# Llama 3.2 1B Evaluation
Ryan Roi Cayas\
2022-22085

In this notebook, we replicate the published scores of the Llama 3.2 1B on the MGSM dataset.

## 1. Prerequisites


### 1.1 Load libraries and set-up CUDA

In [28]:
# Import the necessary libraries
import os
import json
from tqdm import tqdm

import torch
from transformers import LlamaForCausalLM, PreTrainedTokenizerFast
from datasets import load_dataset, concatenate_datasets # Huggingface datasets (https://huggingface.co/docs/datasets/)
from huggingface_hub import login

In [5]:
# Set-up CUDA device
os.environ["CUDA_DEVICE_ORDER"]="PCI_BUS_ID" 
# use a specific GPU
os.environ["CUDA_VISIBLE_DEVICES"]="4"

# Use GPU for inference
device = torch.device("cuda" if torch.cuda.is_available() else "cpu")

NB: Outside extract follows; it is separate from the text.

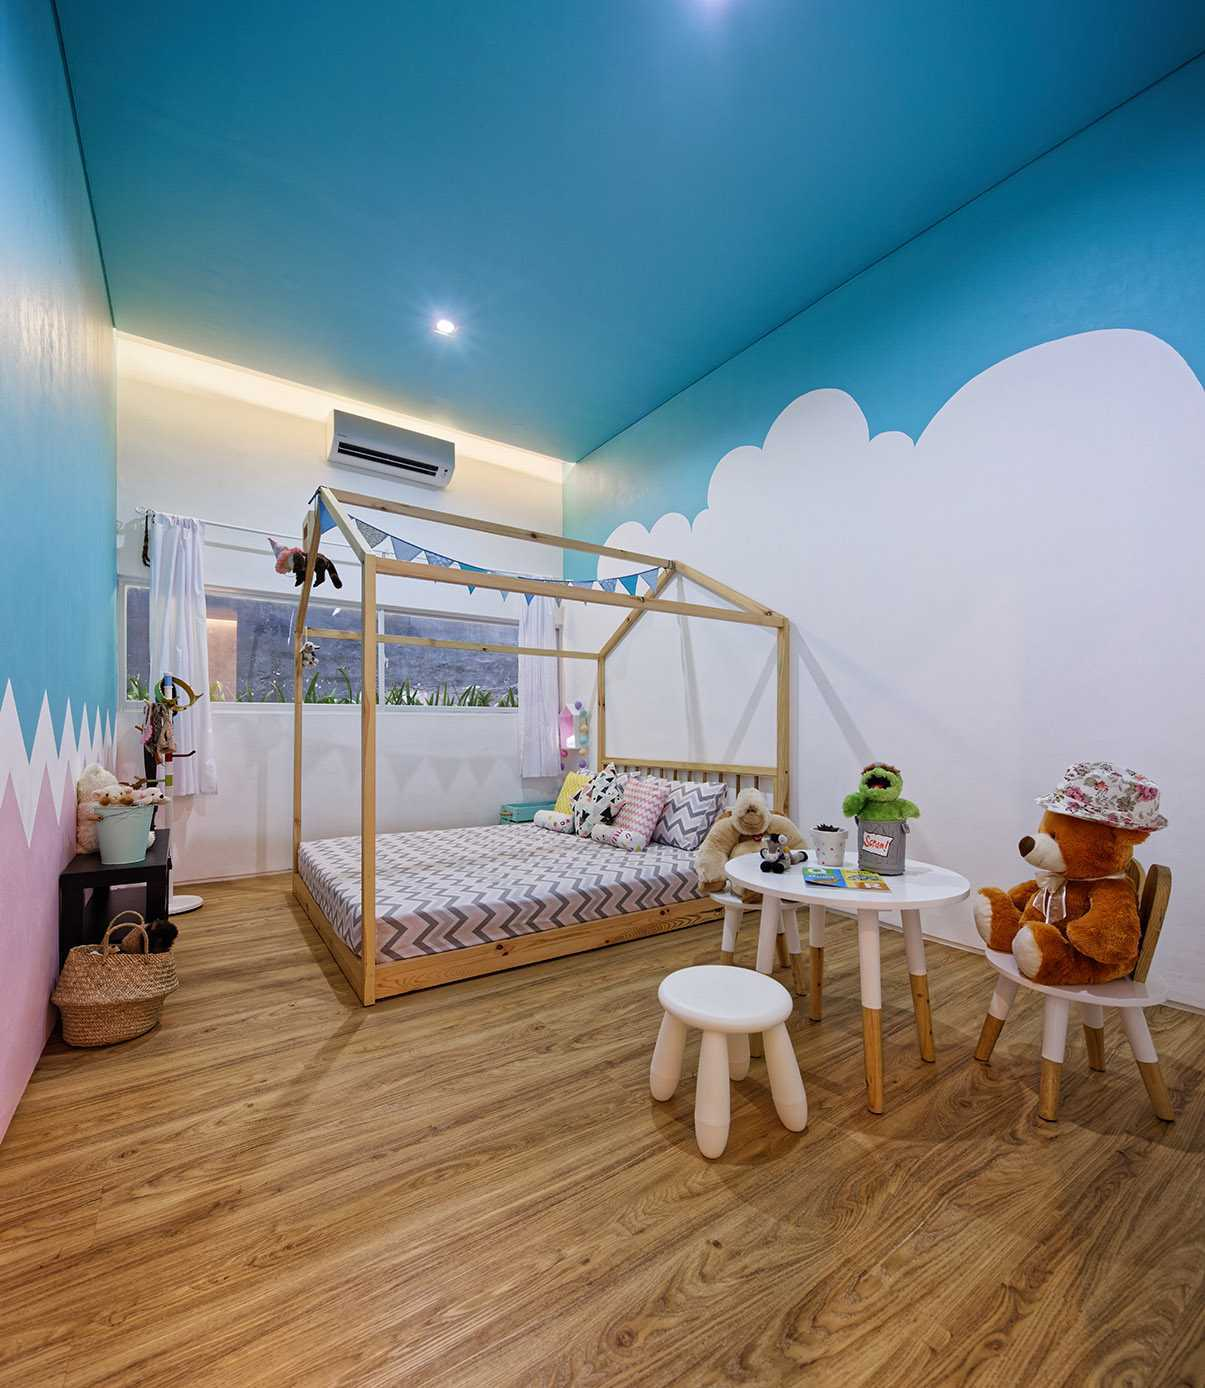 Foto inspirasi ide desain kamar tidur kontemporer Kids bedroom oleh DELUTION di Arsitag

# Print the device being used
print(f"Using device: {device}")

# Check the GPU name
if device.type == 'cuda':
    gpu_name = torch.cuda.get_device_name(0)  # 0 because CUDA_VISIBLE_DEVICES=4 means GPU 4 is now 0
    print("Using GPU:", gpu_name)

Using device: cuda
Using GPU: NVIDIA A100-SXM4-40GB


### 1.2 Load the pre-trained tokenizer and model

In [7]:
# Paths to model and tokenizer
model_dir = "../../../../../llm/llama/Llama-3.2-1B-Instruct"

# Load tokenizer and model
tokenizer = PreTrainedTokenizerFast.from_pretrained(model_dir)
model = LlamaForCausalLM.from_pretrained(model_dir)

# Set the eos_token as the padding token
tokenizer.pad_token = tokenizer.eos_token

# Move the model to the GPU
model.to(device)

# Set the model to evaluation mode
model.eval()

LlamaForCausalLM(
  (model): LlamaModel(
    (embed_tokens): Embedding(128256, 2048)
    (layers): ModuleList(
      (0-15): 16 x LlamaDecoderLayer(
        (self_attn): LlamaSdpaAttention(
          (q_proj): Linear(in_features=2048, out_features=2048, bias=False)
          (k_proj): Linear(in_features=2048, out_features=512, bias=False)
          (v_proj): Linear(in_features=2048, out_features=512, bias=False)
          (o_proj): Linear(in_features=2048, out_features=2048, bias=False)
          (rotary_emb): LlamaRotaryEmbedding()
        )
        (mlp): LlamaMLP(
          (gate_proj): Linear(in_features=2048, out_features=8192, bias=False)
          (up_proj): Linear(in_features=2048, out_features=8192, bias=False)
          (down_proj): Linear(in_features=8192, out_features=2048, bias=False)
          (act_fn): SiLU()
        )
        (input_layernorm): LlamaRMSNorm((2048,), eps=1e-05)
        (post_attention_layernorm): LlamaRMSNorm((2048,), eps=1e-05)
      )
    )
    (norm):

### 1.3 Load the MGSM Dataset

In [21]:
# Languages: English, Spanish, French, German, Russian, Chinese, Japanese, Thai, Swahili, Bengali, Telugu
languages = ["en","es","fr","de","ru","zh","ja","th","sw","bn","te"]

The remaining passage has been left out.